Today’s energy markets are undergoing a transformation, moving from a top-down monopoly system dominated by large-scale fossil and nuclear power plants sending power one way to passive consumers to a dynamic, bi-directional network increasingly dependent upon distributed resources featuring an increasing diversity of technology, fuels and ownership.

One of the key enabling technology platforms that will be necessary if this new distributed energy future is something called a “microgrid.” When Thomas Edison helped birth today’s electric utility industry, his original vision was a series of microgrids, serving customers from on-site power generation.

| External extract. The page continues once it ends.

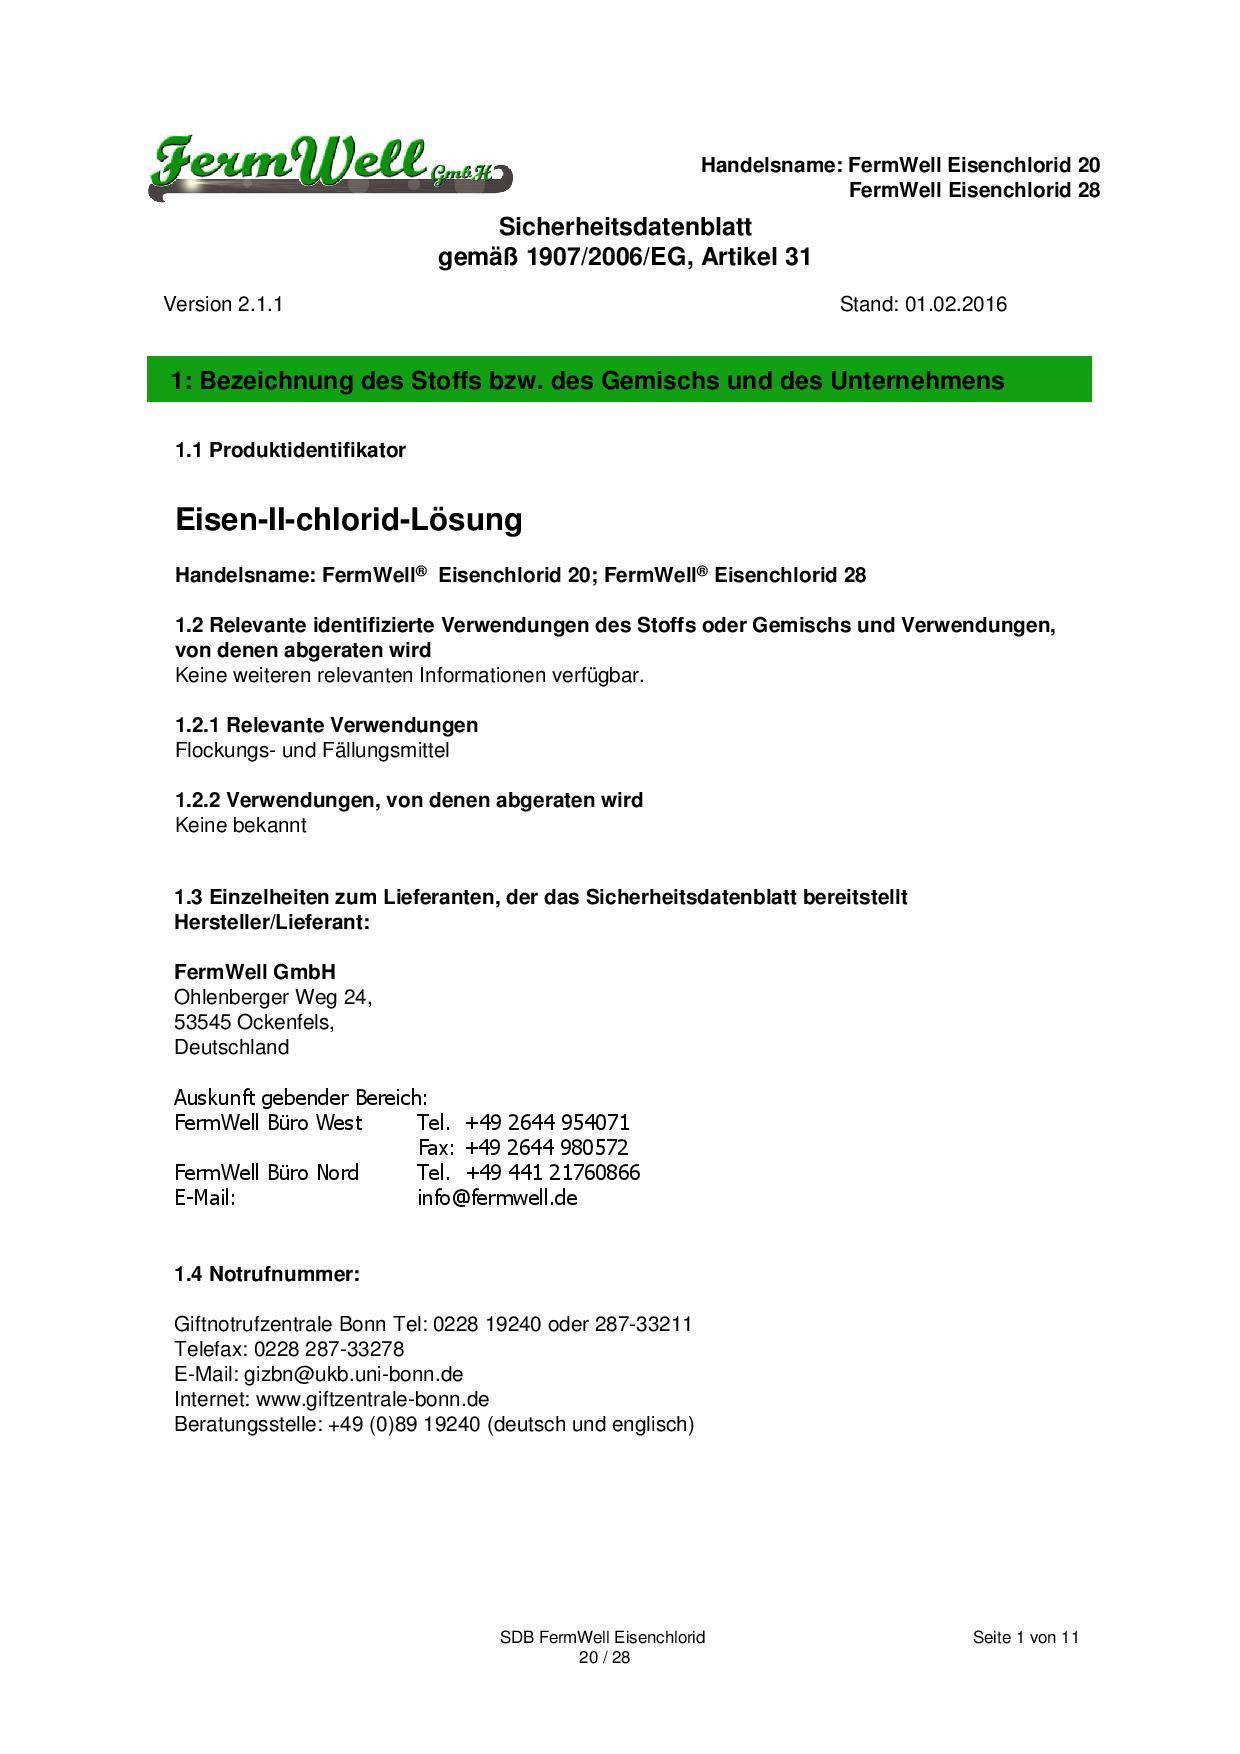 FWG_Eisenchlorid_20-28 Sicherheitsdb_161

Over time, however, a “bigger is better” mentality drove the market to monopoly structures capturing economies of scale.

Today, huge declines in the cost of modular technologies such as rooftop solar photovoltaics (PV) is challenging the status quo, requiring new forms of innovation in hardware and software – and new business models to allow corporations seeking an edge in the pursuit of sustainability.

What is a microgrid?

Here is, in essence, the federal Department of Energy’s definition: “A microgrid is a group of interconnected customer loads and distributed energy resources (DER) within clearly defined electrical boundaries that acts as a single controllable entity that can connect and disconnect from the grid (known as “islanding”).

The key defining feature is the ability to island itself off from the larger power grid during times of a black-out, but this organizing structure also helps integrate distributed renewables into utility-scale resources.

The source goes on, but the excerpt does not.